A transition from per-gallon fuel taxes to a mileage-based user fee system should be considered as a strategy to ensure adequate road funding for Michigan’s future. This shift would apply to both gasoline taxes and diesel taxes. The objective should be not only to replace the former fuel tax revenue but also to remedy a number of other fuel tax shortcomings: their lack of transparency, lack of accountability of road providers to road users, and the fact that the current fuel tax works less like a user fee and more like just a conventional tax. The transition should focus on the benefits of improving Michigan’s aging and ailing highways as critically important to the state’s economic competitiveness.
The shift from fuel taxes to per-mile charges should be gradual. The best place to start is with the limited-access highways, such as Interstates and other urban freeways. They could be converted to the MBUF system as a way to finance their reconstruction and modernization, via issuing revenue bonds based on the projected user-fee revenues.

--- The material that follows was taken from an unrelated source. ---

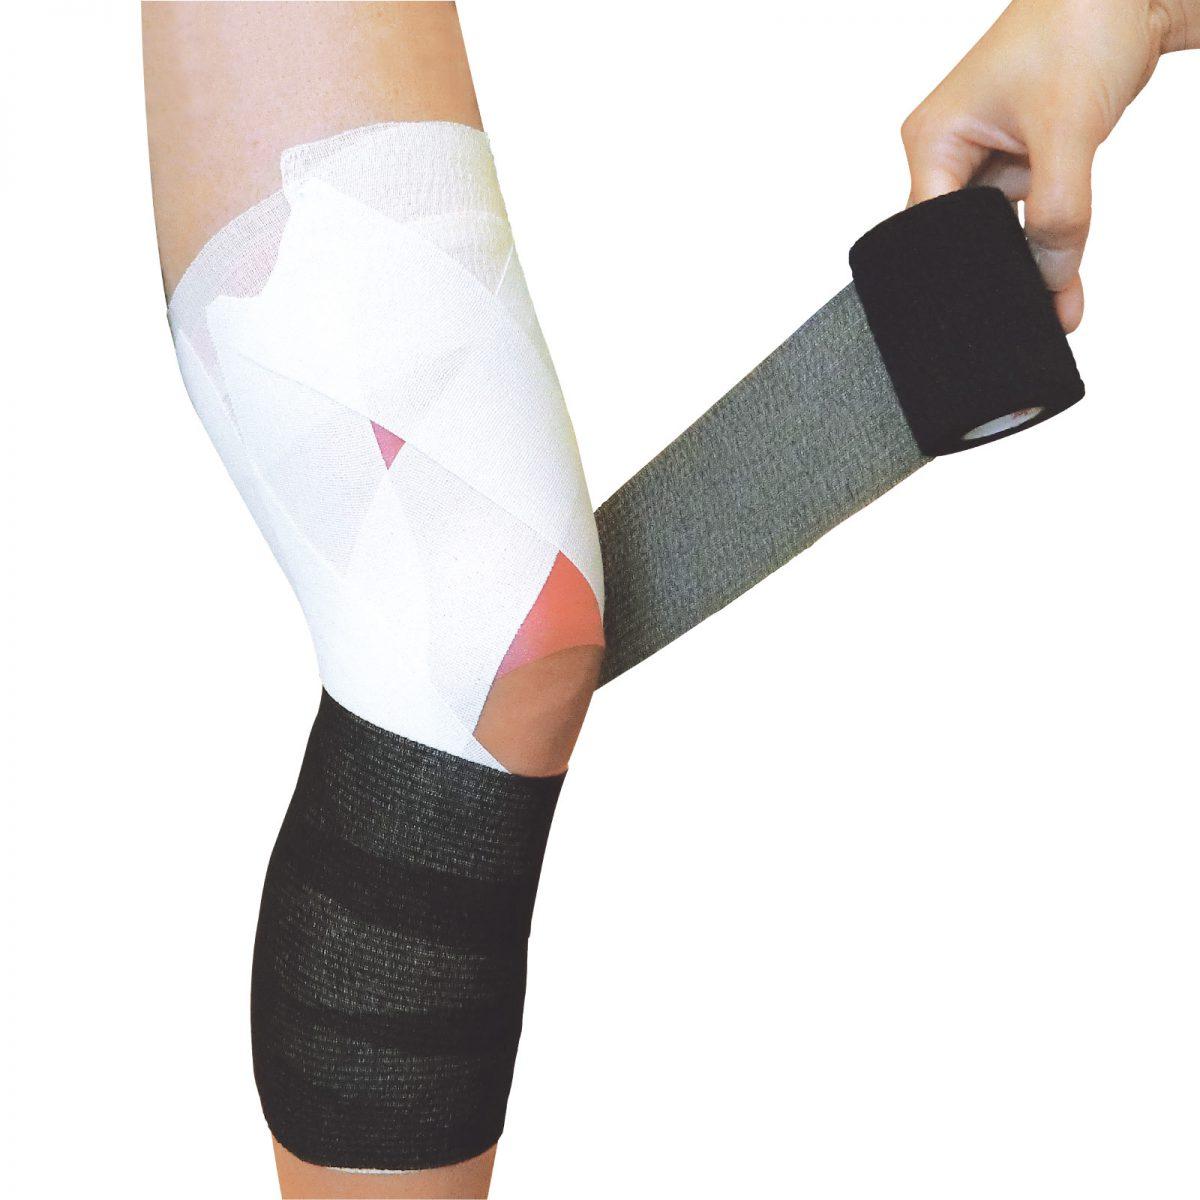 よりしっかりひざを固定するために

The charges would be collected using a system such as the widely used and accepted E-ZPass, which uses prepaid accounts linked to windshield-mounted transponders in most cases. Customers would receive rebates based on the estimated fuel taxes they paid for the miles driven on roads using a MBUF. This would demonstrate that MBUFs are to be the replacement for fuel taxes, not an additional charge.
Converting the limited-access highways first would avoid many of the problems likely to be encountered by the pioneer states that attempt to convert all roads to MBUFs at the same time. Converting limited-access roads first would enable MDOT to avoid having to use decreasing fuel tax revenues for the very important tasks of rebuilding and then maintaining its Interstates and freeways. Over the next decade or two, MDOT could use most of its gas tax revenue on non-limited-access state and county roads, to bring them up to a state of good repair.
By temporarily deferring conversion of these other roads to per-mile charges, Michigan could learn from the successes and failures of other states, as they use current MBUF technologies to convert all their roads. A decade or two from now, there will likely be better technologies and processes available for recording and reporting miles driven. In addition, much larger numbers of participants in other states should lead to reductions in the unit cost of processing mileage-based transactions.
In the near term, it would be wise for the state Legislature and MDOT to plan for Michigan to take part in one of the federally funded MBUF pilot projects. It would be timely to have such a pilot project under way in the months following the release of the forthcoming MDOT study on toll-financed reconstruction of interstates and other limited-access highways. The pilot project would introduce a cross section of the population (and potentially some elected officials) to the case for transitioning from the gas tax to per-mile charges. It would also support the case for starting the transition with proven technology and the modernization of Michigan’s most important highways.